# What if the film absolutely sucks?



## artsoundz (Aug 24, 2008)

yup. "Go on...take the money and run"...


----------



## midphase (Aug 24, 2008)

Man...I did that film....well...not sure, but the one I worked on is just like it!


----------



## choc0thrax (Aug 24, 2008)

I saw a film a few days ago with my friends called Recon 2022: The Mezzo Incident. This movie was the biggest pile of crap ever. The music was either screaming choir crap taken from extrememusic or the original composer using percussive adventures and storm drum loops alone with no other music. Heres the trailer:

http://www.youtube.com/watch?v=kcL-xdqqkTs


----------



## CFDG (Aug 24, 2008)

You may have found the perfect gig for Zimmphobia. :mrgreen:


----------



## janila (Aug 24, 2008)

choc0thrax @ Sun Aug 24 said:


> Heres the trailer:
> 
> http://www.youtube.com/watch?v=kcL-xdqqkTs


How can you criticize a film that contains sex on a space ship? (o)


----------



## homebilly (Aug 24, 2008)

if there are naked breasts in the first 3 minutes do the film


----------



## José Herring (Aug 24, 2008)

Imo, can't expect that you're going to be hitting the A-list first time up to bat. If you've never done film before then do it. The learning experience is incredible. And, scoring a film is like nothing else. Being good in music production doesn't mean that you can score a film nor being a decent composer. So any film even a bad one is worth doing just to learn how.

On the other hand. Of the dozen films that I've scored so far 6 or 7 of them are dogs. At the time I needed to do them for the money or the experience, but at this point in my life I'd probably just say no. 

The only reason to do it is if you need the money or the experience.


----------



## Thonex (Aug 24, 2008)

I was asked to score a short comedy for a "Brosky" of mine... he asked me over a year ago... I couldn't say "no" because 1) he's a close friend and 2) he was willing to pay me real money for it.

Ok... fast forward a year and he calls me and tells me the short (25 minutes) is done and he needs me to score it before the festival deadlines. I said ok.

I get the movie.... AND IT ABSOLUTELY SUCKS!.... HORRIBLE.... didn't laugh once... cringed throughout the movie... just really really really bad.

Now... I know this guy is going to plaster this movie all over the place and submit it to 10000 film festivals... and anyone who "googles" my name will most certainly hit that P.O.S. movie first.

What do I do??

Well this is what I did. 

I couldn't turn down the movie because he was a friend (and I don't blow off friends) and there was NO WAY I could have my name attached to this movie... so... this is what I did. I told 1 little white lie.. and everything else fell into place.

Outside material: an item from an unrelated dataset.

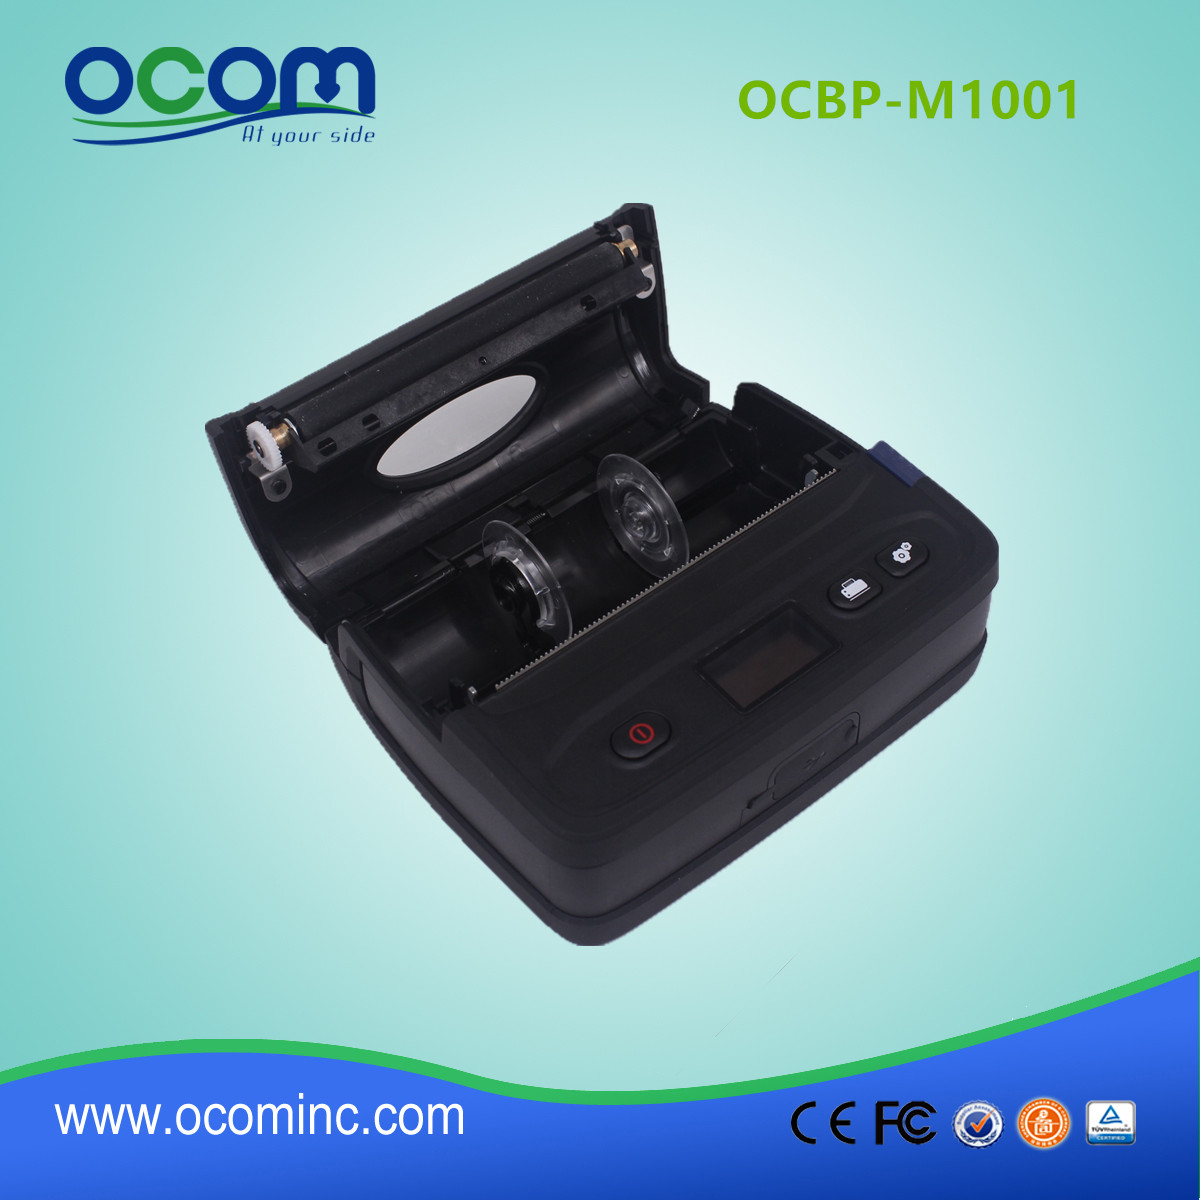 4 "Portable Bluetooth Thermische barcode label printer-OCBP-M1001

I first called him and told him that I hadn't seen the movie yet (this was the white lie) and that I would do the score for free (since it was so low budget and he was my friend) and since it was so low budget, I couldn't have my name attached and would have to use a pseudonym because it would look unprofessional to all the producers and directors that pay me good money for movies. 

He was ecstatic about the freebie and understood my reasons for a pseudonym. 

Then, *the next day* I called him and told him I had just watched the movie and, as a friend, I had to tell him not to get his hopes up for the film festivals. That I didn't laugh once.. but that I was a tough customer. He appreciated the honesty.

So.. in the end I scored it for free (25 minutes of music in a couple days)... but that was a small price to pay to keep my name away from that movie and to help out a friend.

T


----------



## rJames (Aug 24, 2008)

Thonex @ Sun Aug 24 said:


> I told 1 little white lie..



I hope you never told him about this forum.


----------



## Thonex (Aug 24, 2008)

rJames @ Sun Aug 24 said:


> Thonex @ Sun Aug 24 said:
> 
> 
> > I told 1 little white lie..
> ...



nope 8)


----------



## Herman Witkam (Aug 24, 2008)

Thonex @ Sun Aug 24 said:


> rJames @ Sun Aug 24 said:
> 
> 
> > Thonex @ Sun Aug 24 said:
> ...



Does he use Google? :D


----------



## Thonex (Aug 24, 2008)

Herman Witkam @ Sun Aug 24 said:


> Thonex @ Sun Aug 24 said:
> 
> 
> > rJames @ Sun Aug 24 said:
> ...



He doesn't know my handle 8) 8) 

The only way he could find out is if he stumbled on this thread.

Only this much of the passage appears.